Âyetler, yukarıdaki konunun devamıdır. Peygamber(sav)’in evlenmesini dedikodu yapan, Peygamber'e yakın mü'minler aleyhinde yakışıksız sözler söyleyip yaymak suretiyle ortalığı karıştırmağa çalışan münâfık, hasta yürekli insanların davranışını sergilemektedir.
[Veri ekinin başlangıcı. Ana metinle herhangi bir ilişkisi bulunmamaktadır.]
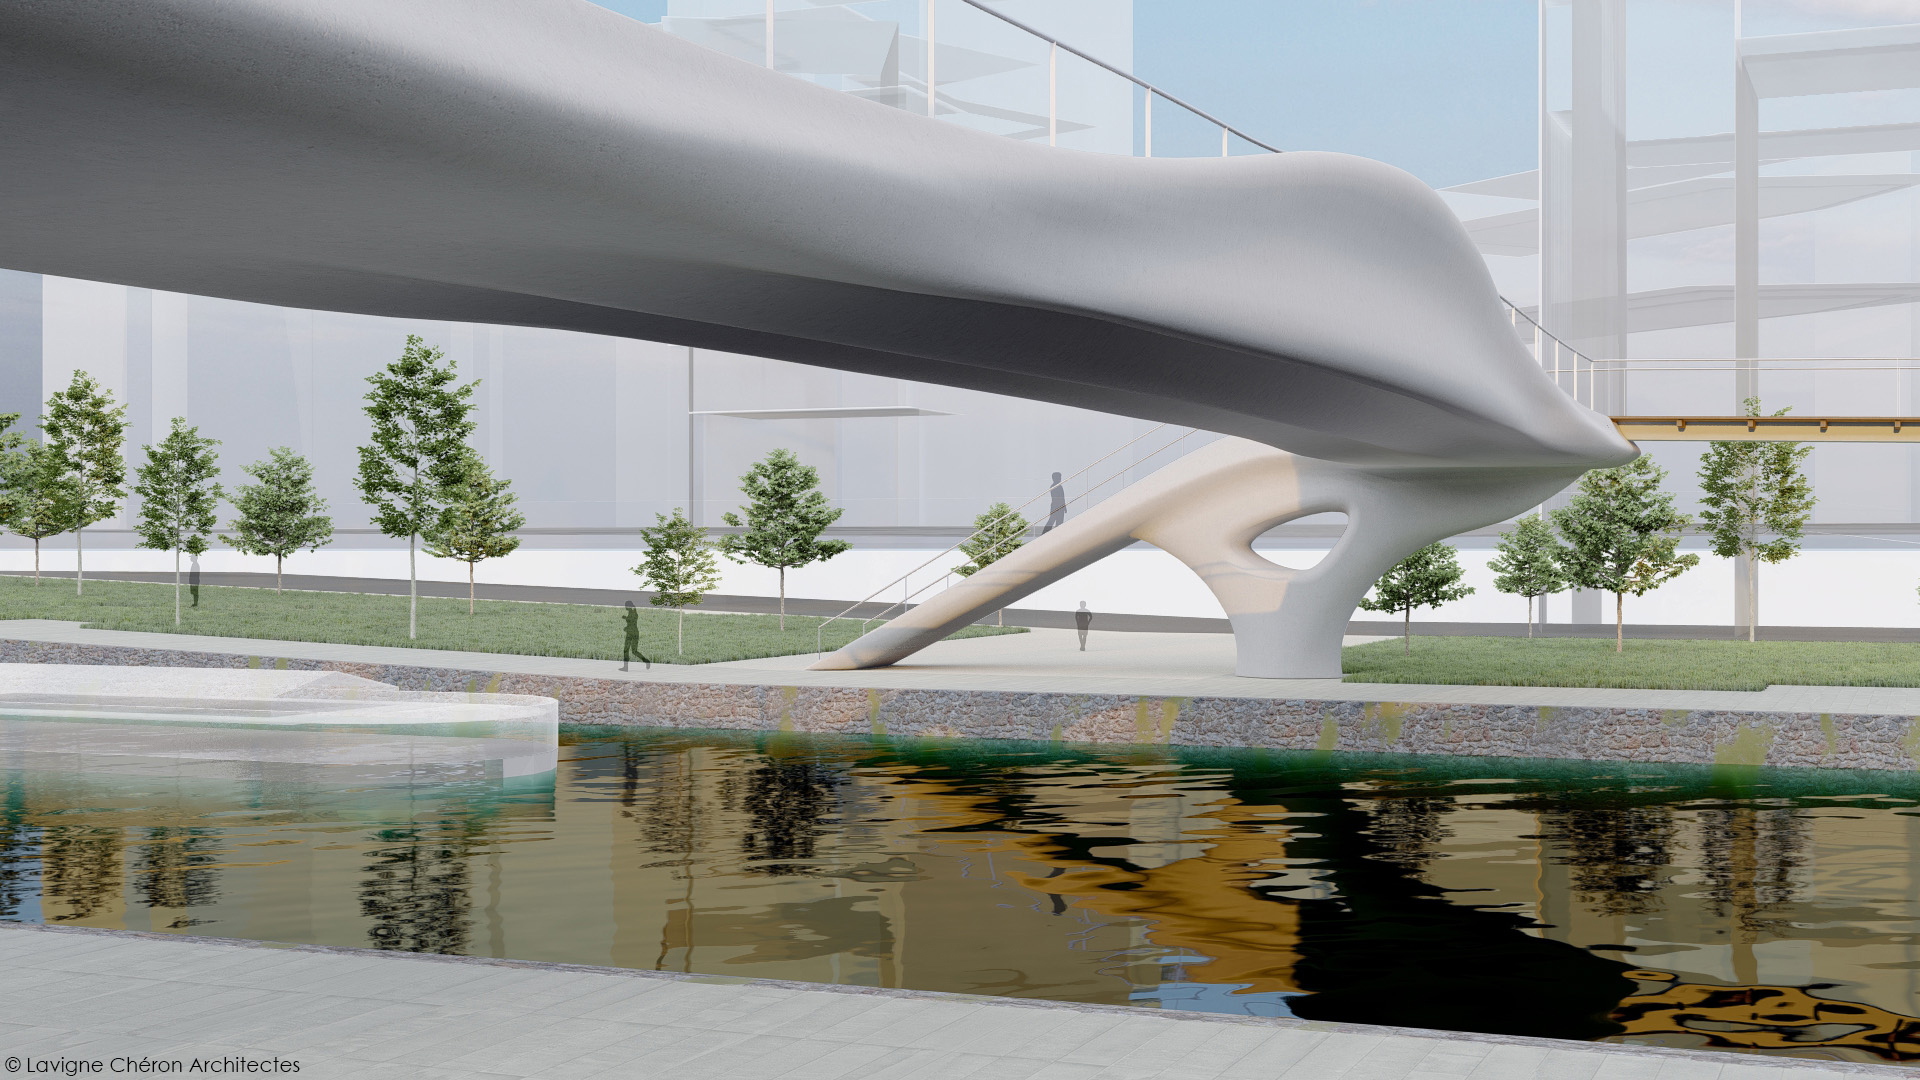 the bridge will be constructed in anticipation of the 2024 Paris Olympic Games. Image via XtreeE.

Allah'ın Elçisi’ni incitmek, Allah'ı incitmek demektir. Yüce Allah, Peygamber'in kendisine yakınlığını belirtmek için kendisini de onunla beraber saymış: “Allah’ı ve Elçisi’ni incitenler” buyurmuştur. Bir kudsî hadîste yüce Allah: "Kim benim bir velîme (dostuma) düşmanlık ederse ben ona savaş açarım. Kulum bana en çok, kendisine farz kıldığım ibâdetlerle yaklaşır. Nâfilelerle de bana yaklaşmağa devam eder. Nihayet o derece bana yaklaşır ki ben onu severim. Ben de onu seversem onun işiten kulağı, gören gözü, tutan eli, yürüyen ayağı olurum. Benden isterse veririm, bana sığınırsa onu korurum. En fazla tereddüd ettiğim şey, ölümden korkan mü'minin canını almaktır. Çünkü ben onun üzülmesini istemem" (Buhârî, Edeb: 53; İbn Kesîr, Tefsîr: 3/522). Başka bir kudsî hadis de şöyledir: "Âdem oğlu dehre (feleğe) sövmekle beni incitir. Felek benim. Gece ve gündüzü ben kendi elimle döndürürüm''(5/278).